'Save us': Boy's desperate call from doomed S. Korean ferry reveals horror

by mymazaa.com

A boy's desperate call from aboard a doomed South Korean ferry captured the horror on the ship as it sank in the Yellow Sea last Wednesday, killing at least 104 and leaving hundreds more missing.

"Save us! We're on a ship and I think it's sinking," Yonhap news agency quoted the boy, who is among the hundreds missing, as saying. His phone call to emergency dispatchers, believed to be the first made from the ship, was initially routed to fire officials before being patched through to the coast guard some two minutes later.

Word of the plaintive call came as investigators said their earlier conclusion that the sunken ferry had made a sharp turn shortly before the disaster was incorrect, and that the vessel changed course much more gradually.
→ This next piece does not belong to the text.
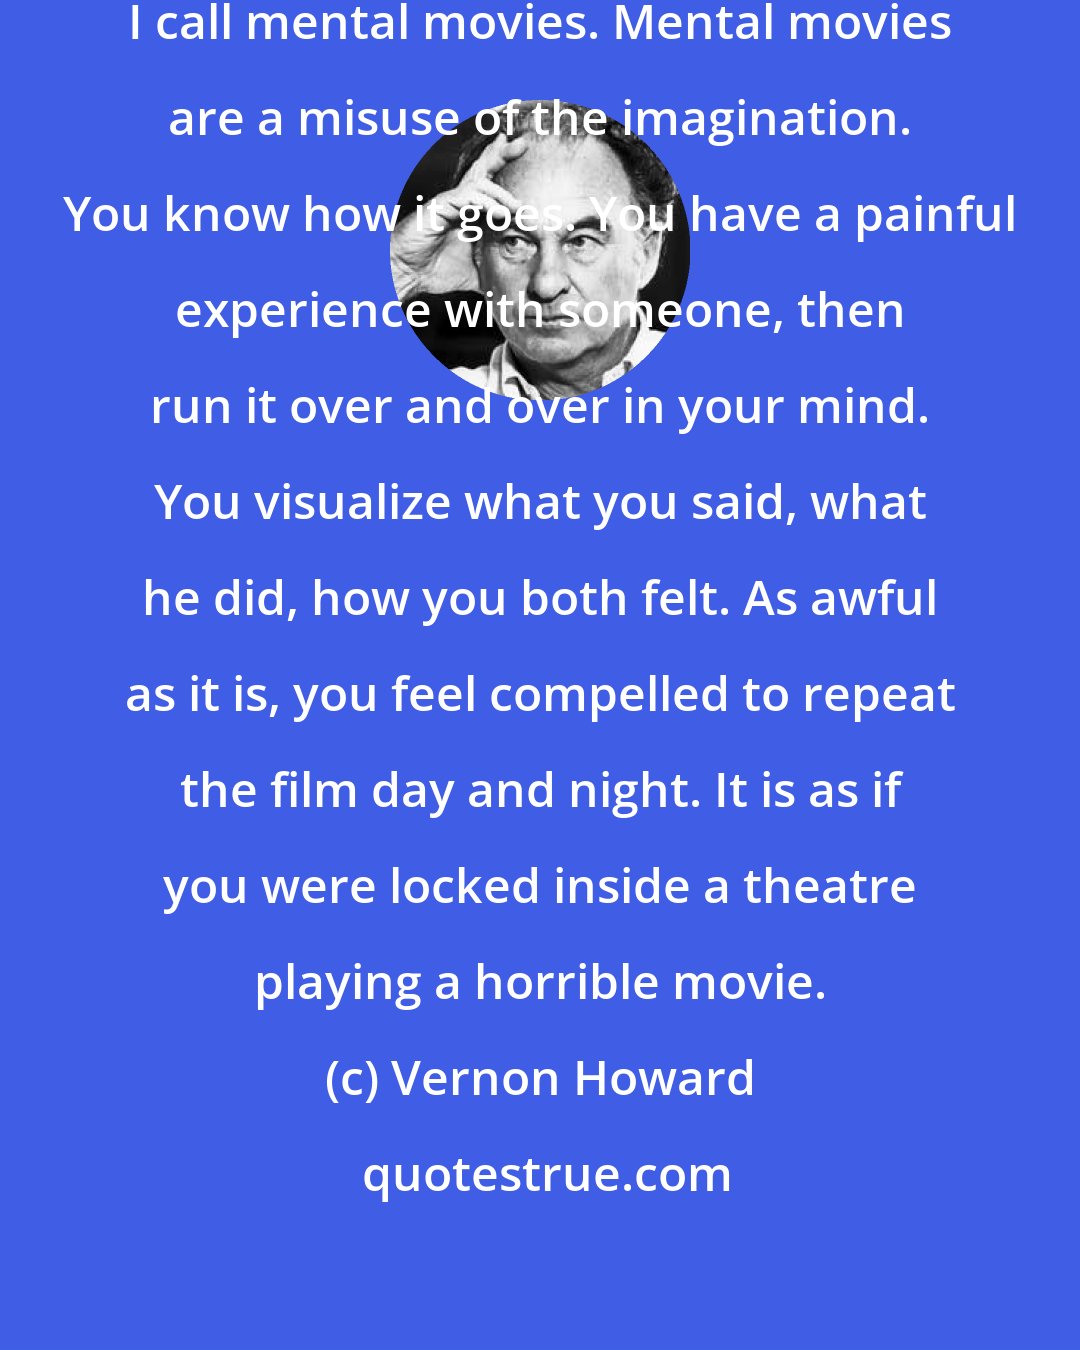 Vernon Howard: A chief cause of unhappiness is what I call mental movies. Mental movies are a misuse of the imagination. You know how it goes. You have a painful experience with someone, then run it over and over in your mind. You visualize what you said, what he did, how you both felt. As awful as it is, you feel compelled to repeat the film day and night. It is as if you were locked inside a theatre playing a horrible movie.

The fire service official asked him to switch the phone to the captain, and the boy reportedly responded, "Do you mean teacher?" The pronunciation of the words for "captain" and "teacher" is similar in Korean, according to Reuters.

The boy's frantic call was followed by about 20 other calls from children on board the ship to the emergency number, the fire service officer said. The boy who made the first call is among the missing, according to the report.

About 250 of the more than 300 missing or dead are students from a single high school, in Ansan near Seoul, who were on their way to the southern tourist island of Jeju.

While data from the ferry, named Sewol, initially indicated the ship made a J-shaped turn before listing heavily and ultimately sinking, a ministry of ocean and fisheries official said Tuesday the data had been incomplete and that the true path of the ship became clear when the data was fully restored.

On Tuesday, dozens of police officers in neon green jackets formed a cordon around the dock of Jindo island as bodies pulled from the sea were brought in. Since divers found a way over the weekend to enter the submerged ferry, the death count has shot up.

Officials said Tuesday that confirmed fatalities had reached 104, with nearly 200 people still missing. If a body lacks identification, details such as height, hair length and clothing are posted on a white signboard for families waiting on the island for news.

The ship's captain, Lee Joon-seok, and two crew members have been arrested on suspicion of negligence and abandoning people in need. Prosecutors detained six other crew members -- four on Monday and two on Tuesday -- but have yet to obtain arrest warrants for them.

Bodies are being identified visually, but family members have been providing DNA samples in case decomposition makes that impossible.

The bodies are then driven in ambulances to two tents: one for men and boys, the other for women and girls. Families listen quietly outside as an official briefs them, then line up and file in. Only relatives are allowed inside.

This heartbreak awaits many families of those still missing from the submerged ferry Sewol, or at least those whose relatives' bodies are ultimately recovered. Families who once dreamed of miraculous rescues now simply hope their loved ones' remains are recovered soon, before the ocean does much more damage.

"At first, I was just very sad, but now it's like an endless wait," said Woo Dong-suk, a construction worker and uncle of one of the students. "It's been too long already. The bodies must be decayed. The parents' only wish right now is to find the bodies before they are badly decomposed."

In Ansan, funerals were held for more than 10 of the teens Tuesday, and education officials were building a temporary memorial that they expected to complete by Wednesday.

At the city education office, parents issued a letter pleading for more government help in the rescue, and condemning its response so far. The letter also criticized media for reporting false rumors, and for doggedly pursuing interviews with surviving children.

"The children say that when they look at the window, sudden fear of water seizes them. What the children need is utmost stability," said Jang Dong-won, father of a rescued female student.

The families, and South Koreans more broadly, have at times responded with fury. The captain initially told passengers to stay in their rooms and waited more than half an hour to issue an evacuation order as the Sewol sank. By then, the ship had tilted so much it is believed that many passengers were trapped inside.

At a Cabinet briefing Monday, President Park Geun-hye said, "What the captain and part of the crew did is unfathomable from the viewpoint of common sense. Unforgivable, murderous behavior." The comments were posted online by the presidential Blue House.

Lee, 68, has said he waited to issue an evacuation order because the current was strong, the water was cold and passengers could have drifted away before help arrived. But maritime experts said he could have ordered passengers to the deck -- where they would have had a greater chance of survival -- without telling them to abandon ship.

A transcript of ship-to-shore communications released Sunday revealed a ship that was crippled with indecision. A crew member asked repeatedly whether passengers would be rescued after abandoning ship even as the ferry tilted so sharply that it became impossible to escape.

Emergency task force spokesman Koh Myung-seok said bodies have mostly been found on the third and fourth floor of the ferries, where many passengers seemed to have gathered. Many students were also housed in cabins on the fourth floor, near the stern of the ship, Koh said.